The plaintiff alleges that on February 5, 2010, he sustained injuries while he and a coworker were installing wooden coverings to metal support columns on the ground floor of a property owned by the defendant 64 Annfield Court Corp. (hereinafter 64 Annfield). The defendant Ultimate One Construction Corp. (hereinafter Ultimate One) was the general contractor for the construction project on which the plaintiff was working. Despite the presence of an A-frame ladder in the immediate vicinity and metal scaffolding on the same level, the plaintiff and his coworker constructed and utilized an unsecured makeshift structure by affixing wooden planks on top of each other over metal rebar protruding from the concrete ground floor. While the plaintiff and his coworker were standing on the makeshift structure, it collapsed, causing the plaintiff to fall approximately 8 to 10 feet. As is relevant to this appeal, the plaintiff commenced this action to recover damages for personal injuries alleging, inter alia, a violation of Labor Law § 240 (1).

The Supreme Court properly granted those branches of the motion of 64 Annfield and the separate motion of Ultimate One which were for summary judgment dismissing the cause of action alleging a violation of Labor Law § 240 (1) insofar as asserted against each of them. To recover on a cause of action pursuant to Labor Law § 240 (1), a plaintiff must demonstrate that there was a violation of the statute, and that the violation was a proximate cause of the accident (see Robinson v East Med. Ctr., LP, 6 N.Y.3d 550, 553-555 [2006]; Blake v Neighborhood Hous. Servs. of N.Y. City, 1 N.Y.3d 280, 287 [2003]). A plaintiff cannot recover under Labor Law § 240 (1) if his or her actions were the sole proximate cause of the accident (see Robinson v East Med. Ctr., LP, 6 NY3d at 553-555; Blake v Neighborhood Hous. Servs. of N.Y. City, 1 NY3d at 290). Here, 64 Annfield and Ultimate One each established their prima facie entitlement to judgment as a matter of law by showing that the plaintiff was the sole proximate cause of the accident that caused his alleged injuries since he constructed and used an improperly-placed, unsecured makeshift structure rather than using the A-frame ladder that was available in the immediate vicinity of his work site (see Montgomery v Federal Express Corp., 4 N.Y.3d 805 [2005]; Gittleson v Cool Wind Ventilation Corp., 46 A.D.3d 855, 856 [2007]; Plass v Solotoff, 5 A.D.3d 365, 367 [2004]).
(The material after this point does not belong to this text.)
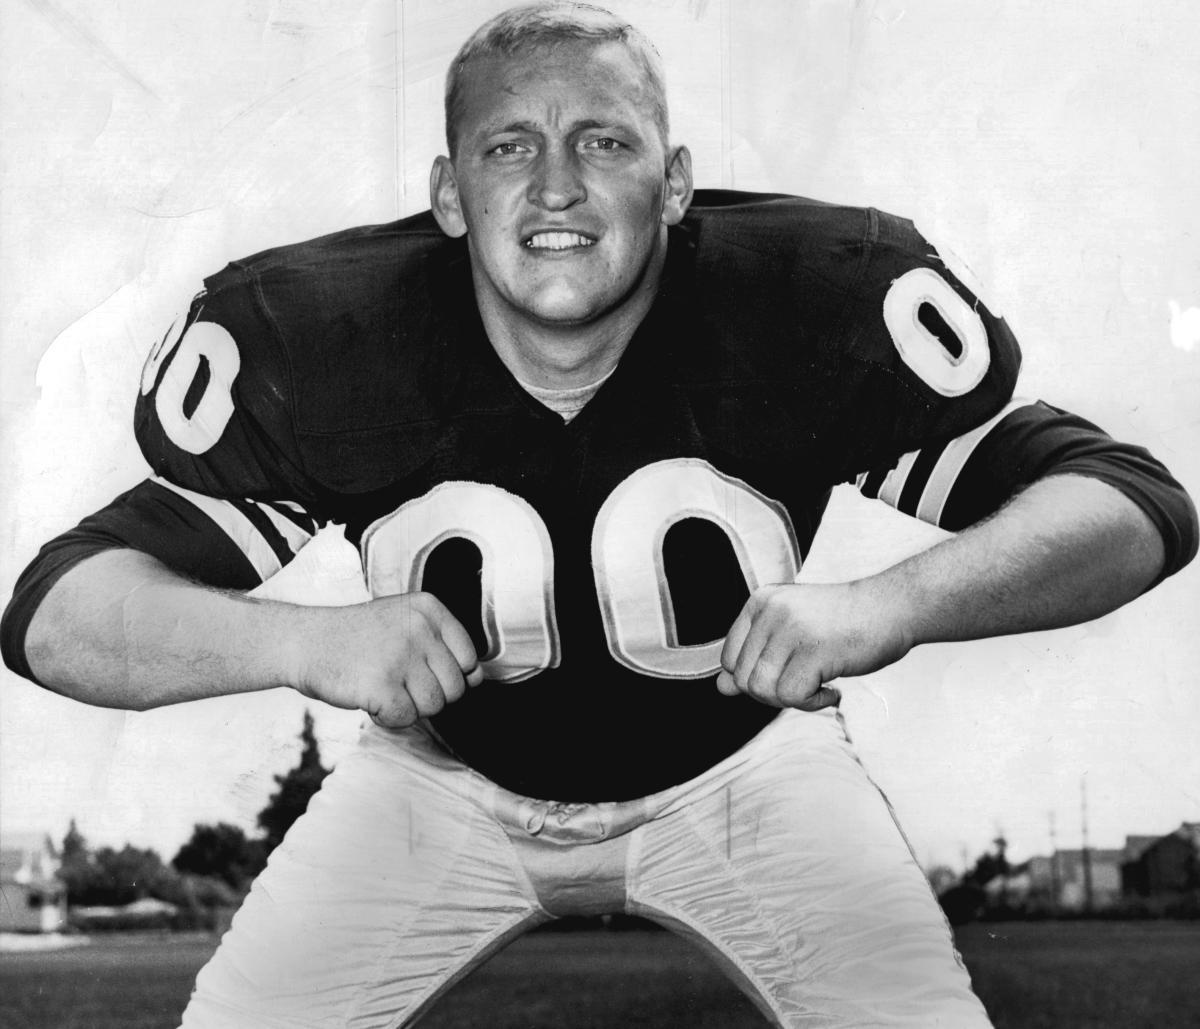 Longtime Oakland Raiders center, Hall of Famer Jim Otto dies at 86

In opposition, the plaintiff failed to raise a triable issue of fact. The plaintiff's affidavit submitted in opposition to the motions, which was translated from Spanish into English, did not constitute admissible evidence. CPLR 2101 (b) provides that "[w]here an affidavit or exhibit annexed to a paper served or filed is in a foreign language, it shall be accompanied by an English translation and an affidavit by the translator stating his qualifications and that the translation is accurate" (see Reyes v Arco Wentworth Mgt. Corp., 83 A.D.3d 47, 54 [2011]). Here, the name and qualifications of the translator from Ventura Translations, Inc., were not provided (see Rosenberg v Piller, 116 A.D.3d 1023, 1025 [2014]).

Accordingly, we affirm the order insofar as appealed from.